When asked if they ate some kind of breakfast, 86.4% of Jewish boys and 76.2% of Jewish girls in middle schools and 82.1% of Jewish boys and 69.9% of Jewish girls in senior high schools said yes. That compared to 95.6% of Arab boys and 90.8% of Arab girls in middle schools and 93.1% of Arab boys and 86.4% of Arab girls in senior high schools.
As for eating away from home, weekly consumption of junk food outside the home was slightly higher for Arab teens than for their Jewish counterparts.
Eleven percent of Israeli senior high-school girls were vegetarian, compared with 2.3% of boys. A decade ago, the respective numbers were 13.5% and 5.3%.
As for tobacco consumption, 2.3% of Israeli boys and 1% of girls in middle schools admitted to smoking cigarettes, and 3.6% of boys and 1.8% of girls in middle schools smoke hookahs; in the upper grades, 13% of boys and 5% of girls admitted to lighting up, compared with 17.1% of the boys and 8.4% of girls smoking hookahs.
Water pipes are considered by health authorities to be even more dangerous than cigarettes and present a greater risk because of the longer amount of time they are smoked.
Looking at the various sectors for cigarettes, 7% of Jewish boys and 4.1% of Jewish girls in all the relevant grades smoked, compared with 6% of Arab boys and 0.3% of Arab girls; 8.2% of Arab boys and 1.4% of Arab girls, compared with 9.6% of Jewish boys and 6.5% of Jewish girls, admitted to smoking water pipes, even though the “tradition” of this type of tobacco consumption emanates from Arab and other eastern cultures.
A total of 39.4% of Jewish boys and 30.3% of Jewish girls drank alcohol in the past year (not including for Jewish ritual purposes), compared with 21.3% of Arab boys and 14.6% of Arab girls, despite cultural and religious traditions prevalent among much of the Arab sector.

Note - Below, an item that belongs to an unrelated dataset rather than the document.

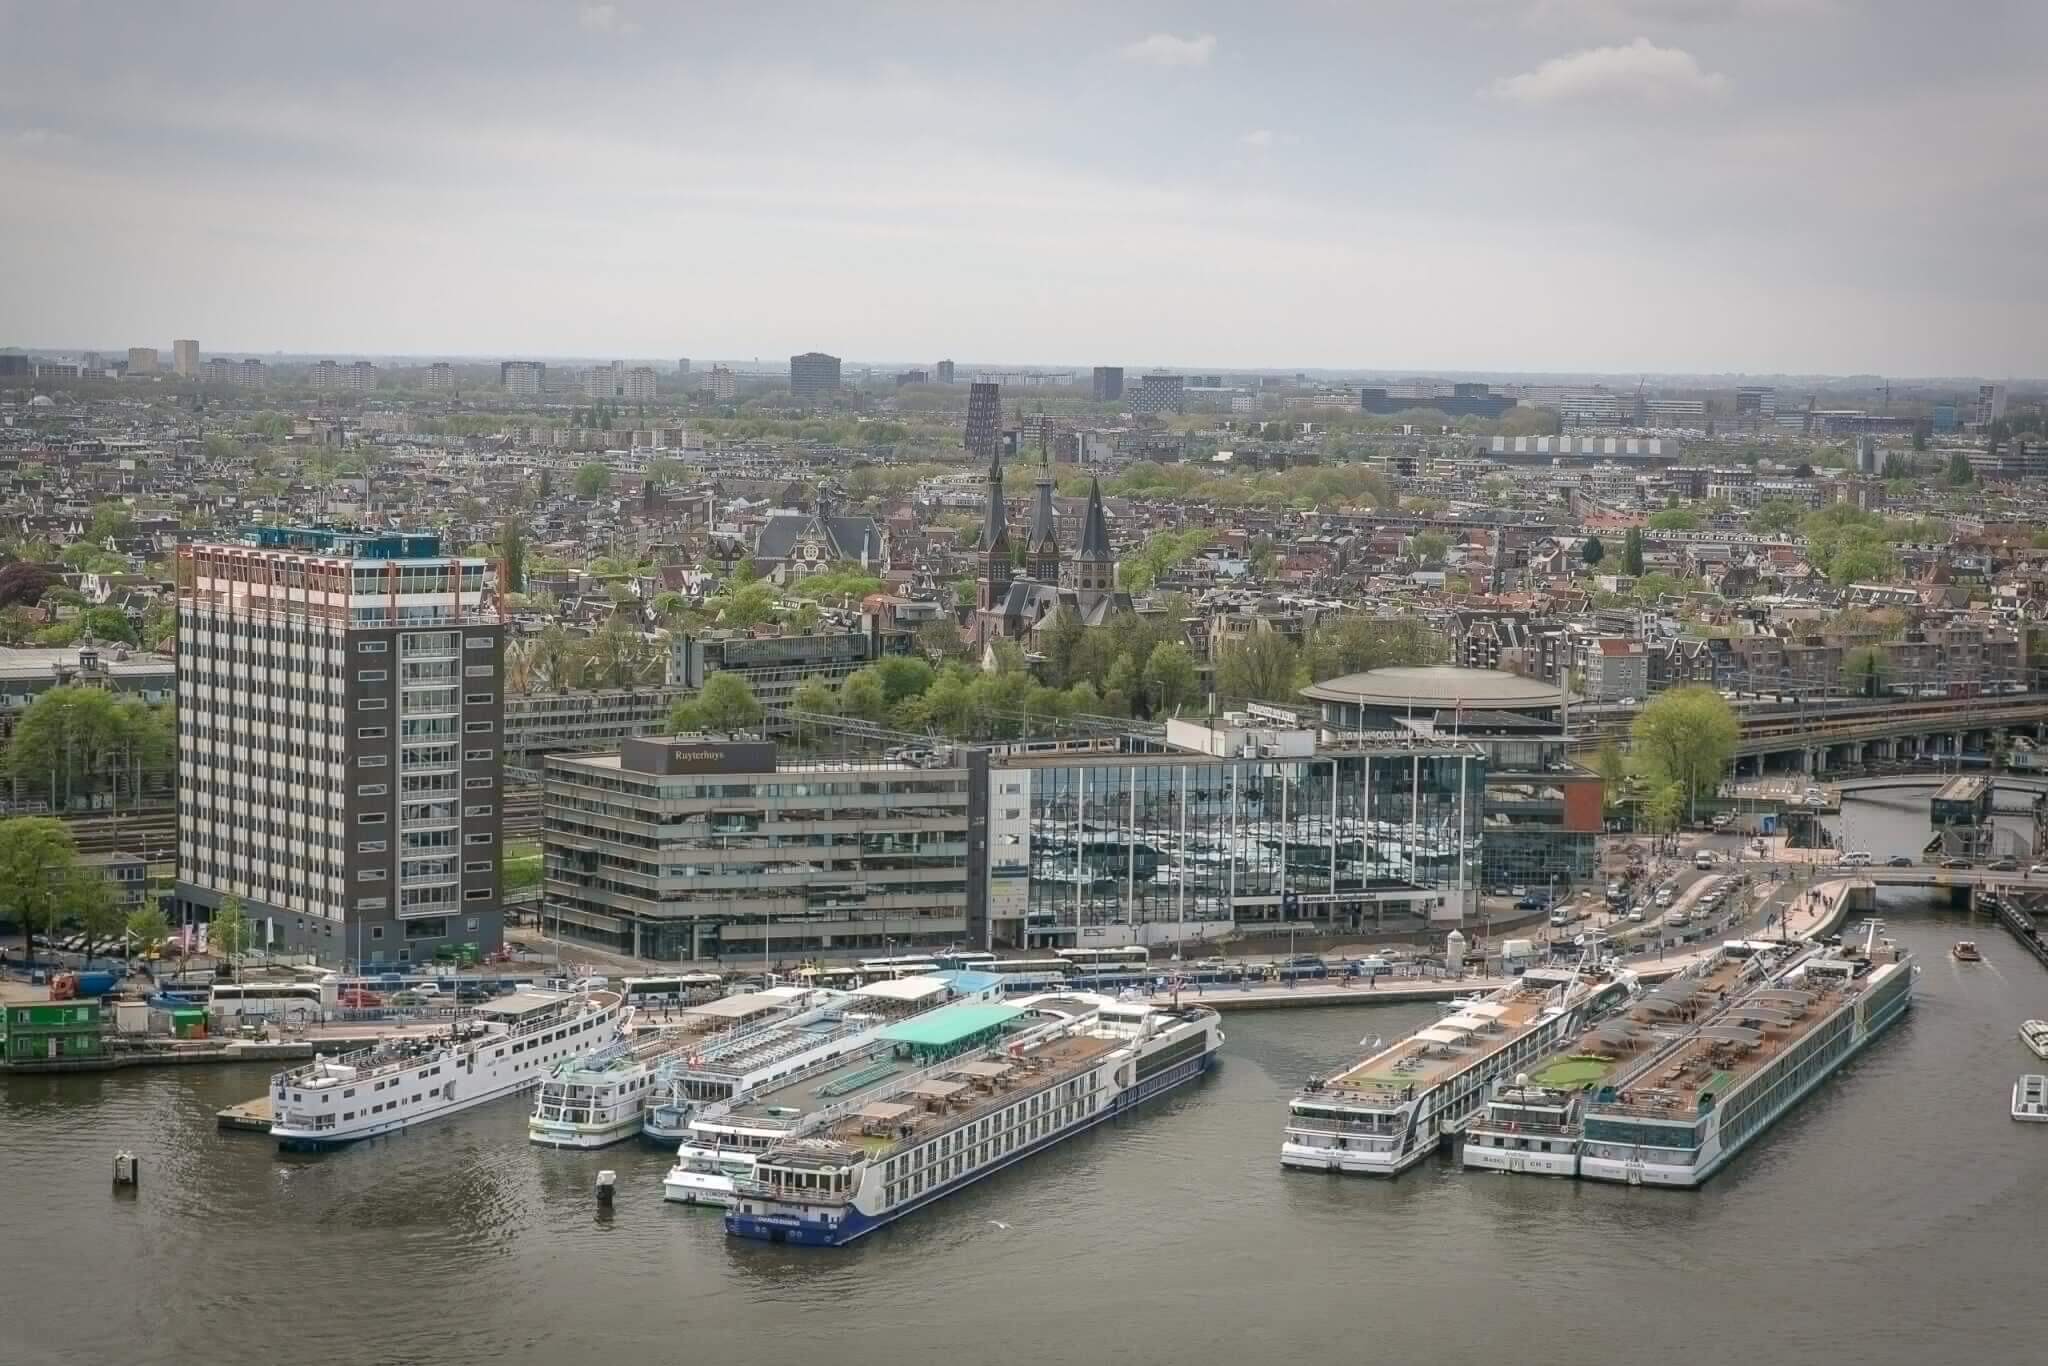 cruise port amsterdam riviercruise en zee cruise foto's
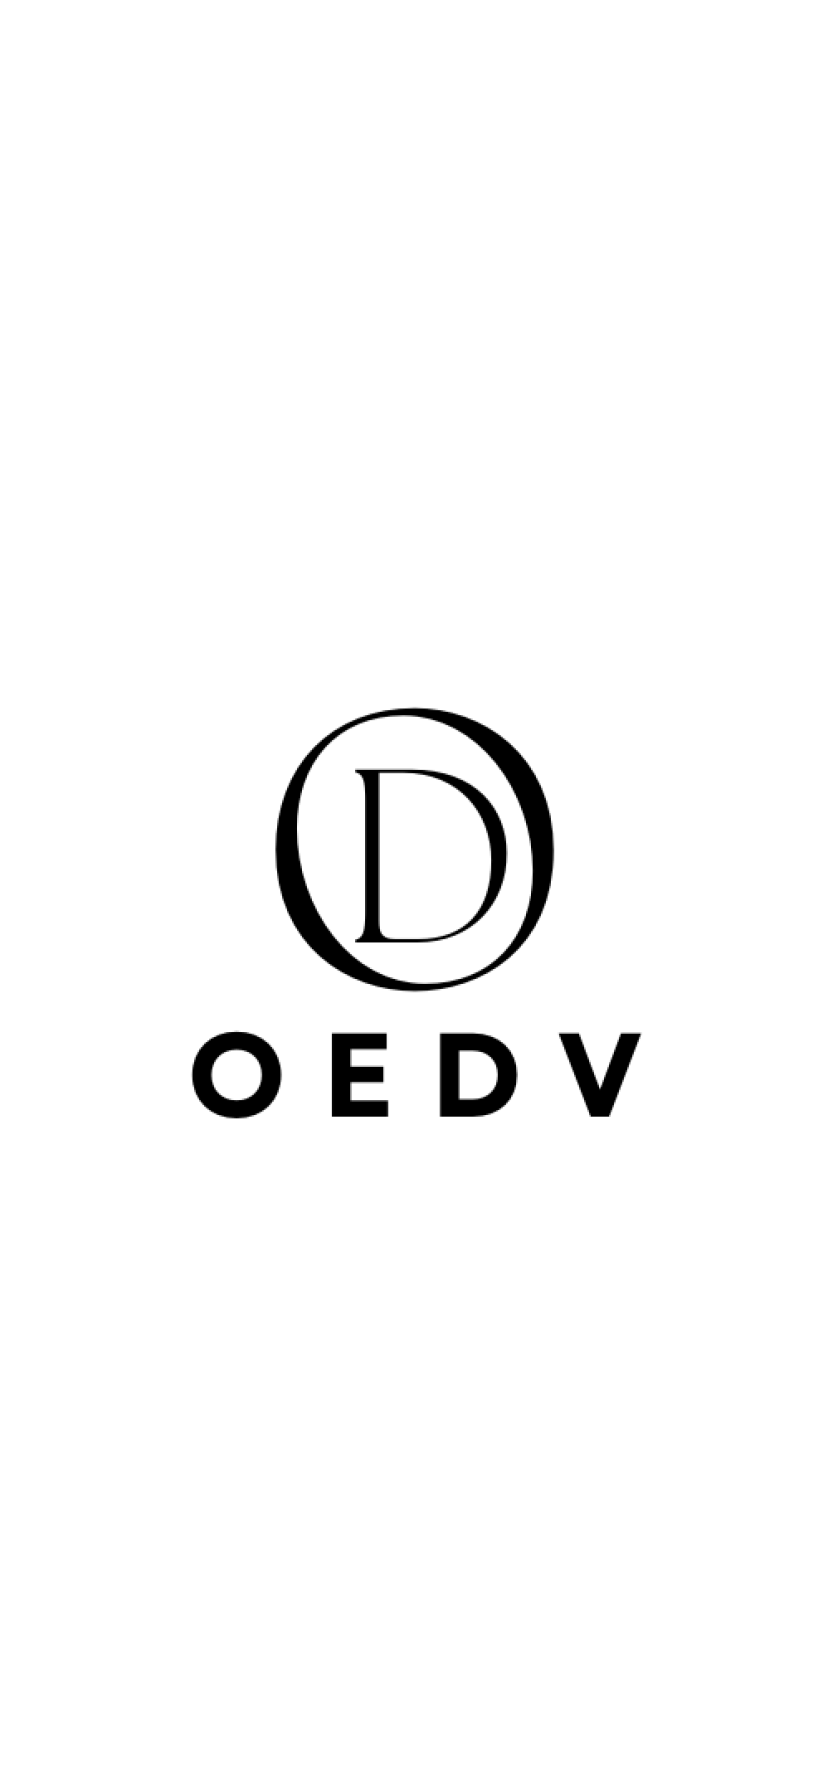 Oedv.com Domain Name For Sale

Weight is a problem in both sectors. A total of 5.6% of Jewish boys and 3.7% of Jewish girls were underweight; 69.8% of Jewish boys and 72.3% of Jewish girls were normal weight; 16.2% of Jewish boys and 16.7% of Jewish girls were overweight; 8.4% of Jewish boys and 7.3% of Jewish girls were obese.
Among Arab pupils, 3.4% of Arab boys and 3.2% of Arab girls were underweight; 64.3% of Arab boys and 70.5% of Arab girls were normal weight; 17.4% of Arab boys and 17.2% of Arab girls were overweight; 15% of Arab boys and 9.2% of Arab girls were obese. Jewish boys and girls were a bit more likely to be happy with their weights than their Arab counterparts.